Un œil sur la langue

Assis les yeux bandés, avec une languette munie de 144 pixels dans la bouche, tout journaliste peut s’interroger sur son choix de carrière. Mais après quelques minutes d’expérimentation, il faut reconnaître que le système mis au point par le neuropsychologue Maurice Ptito, de l’Université de Montréal, avec des collègues du Danemark et des États-Unis pour permettre aux aveugles de « voir avec leur langue » peut s’avérer drôlement efficace. Dès les premières minutes, le sujet parvient à se faire une image relativement claire de la lettre T représentée dans diverses positions transmises par des impulsions électriques sur le dispositif lingual.

Le Tongue Display Unit permet en tout cas l’activation de zones normalement consacrées au traitement des informations visuelles et qui sont inutilisées lorsqu’une personne souffre de cécité congénitale. « La langue ne remplacera jamais l’œil, bien entendu, signale le professeur Ptito. Mais chez des aveugles de naissance, le cortex cérébral dévolu à la vision se réactive sous l’effet de ce dispositif. L’activité électrique, enregistrée par scanner, est très claire sur ce point. »

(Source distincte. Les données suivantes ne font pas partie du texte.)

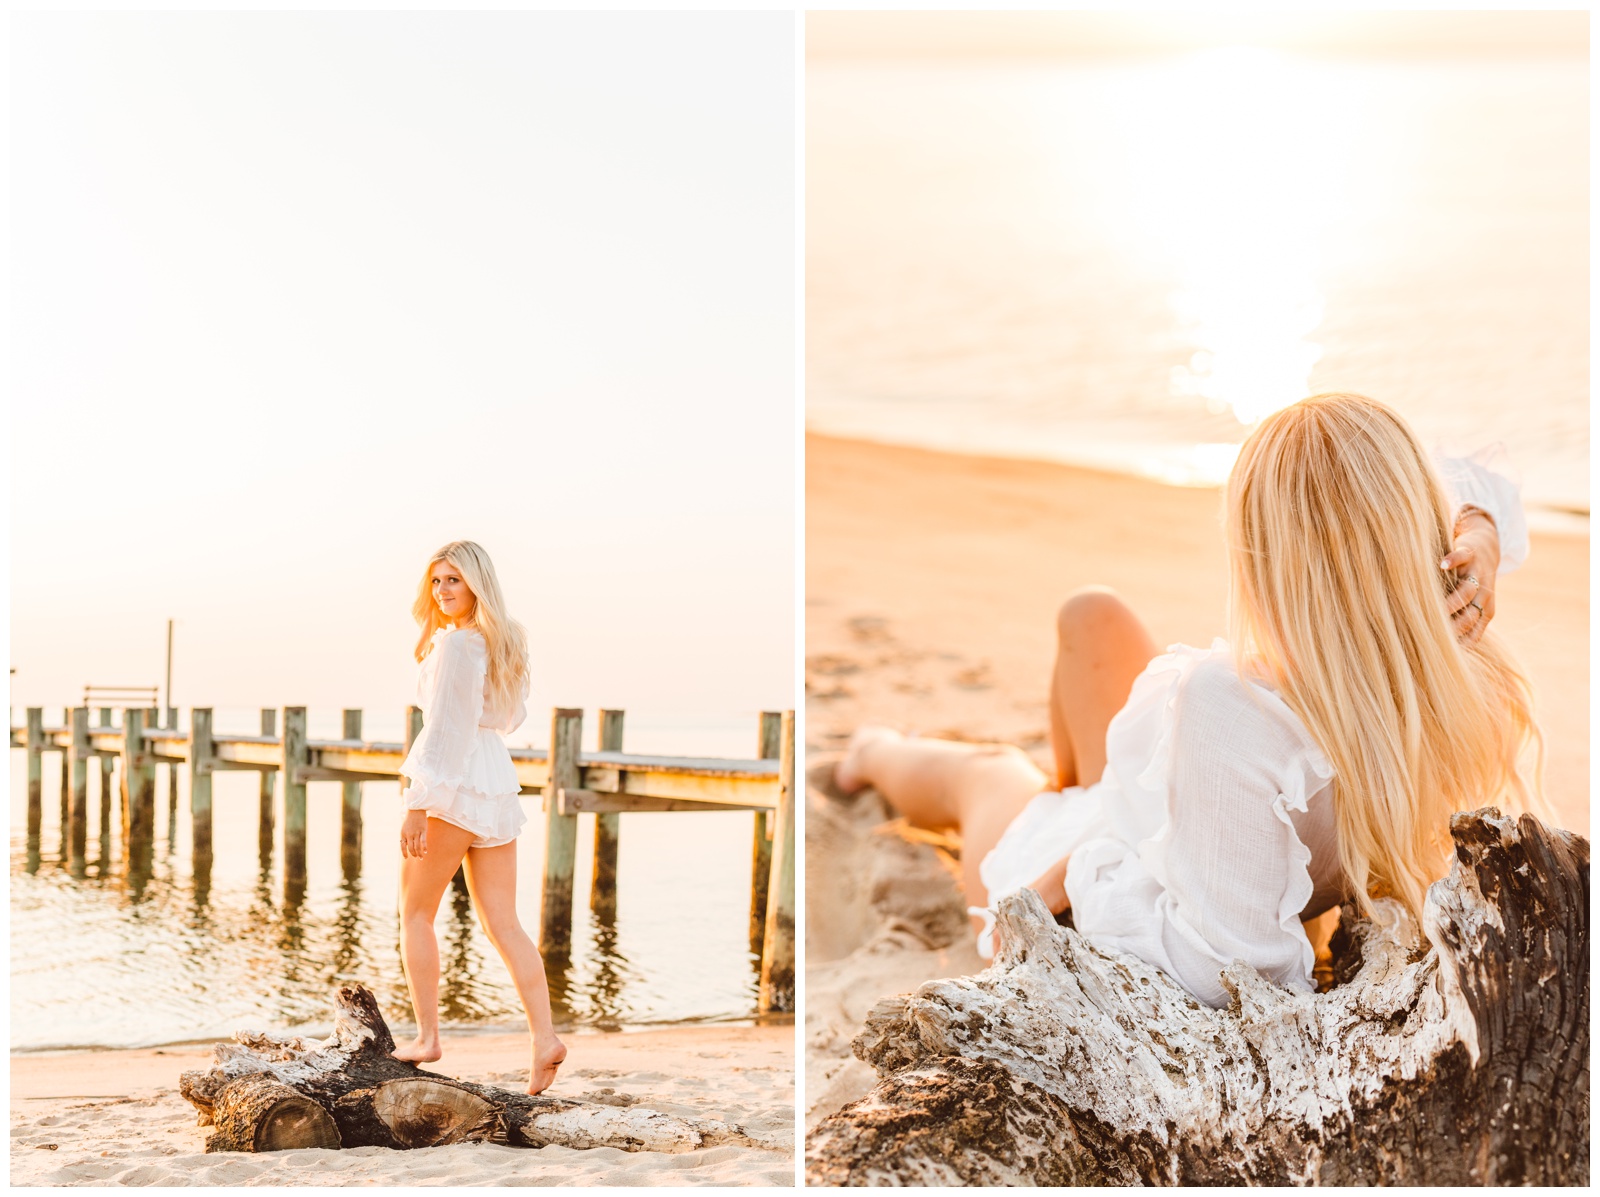 Colorful and Adventurous Senior Portrait Session on an Island - Brooke Michelle Photo

Si l’on insiste auprès du chercheur pour connaître les applications éventuelles de ce système, il se laisse aller à décrire un dispositif miniaturisé digne de l’homme bionique. « On peut imaginer une caméra implantée dans l’œil qui transmettrait une image à un appareil porté à la ceinture. Celui-ci enverrait une impulsion électrique au stimulateur lingual monté dans un palais artificiel qui serait fixé dans la bouche de l’utilisateur. Pour avoir accès aux images de la caméra, celui-ci n’aurait qu’à y déposer la langue… »

À plus court terme, on peut envisager un système qui remplacerait le braille. En effet, si la langue était capable de « lire » les lettres de l’alphabet, elle pourrait lire des textes diffusés sous forme de signaux électriques. Lorsqu’il sera au point, ce dispositif pourrait améliorer considérablement la qualité de vie des aveugles. Il s’agit d’un appareil « mains-libres » et non invasif.

Ce n’est pas un hasard si la langue est au centre des travaux de Maurice Ptito. Le traitement des informations en provenance de cet organe occupe une place considérable dans le cerveau, et la présence de salive crée d’excellentes conditions pour la transmission des stimulations électriques. « Notre recherche démontre que nos sens sont en quelque sorte recyclables », explique le neuropsychologue de l’École d’optométrie, qui a travaillé en collaboration avec un chercheur de l’Université d’Århus, Ron Kupers.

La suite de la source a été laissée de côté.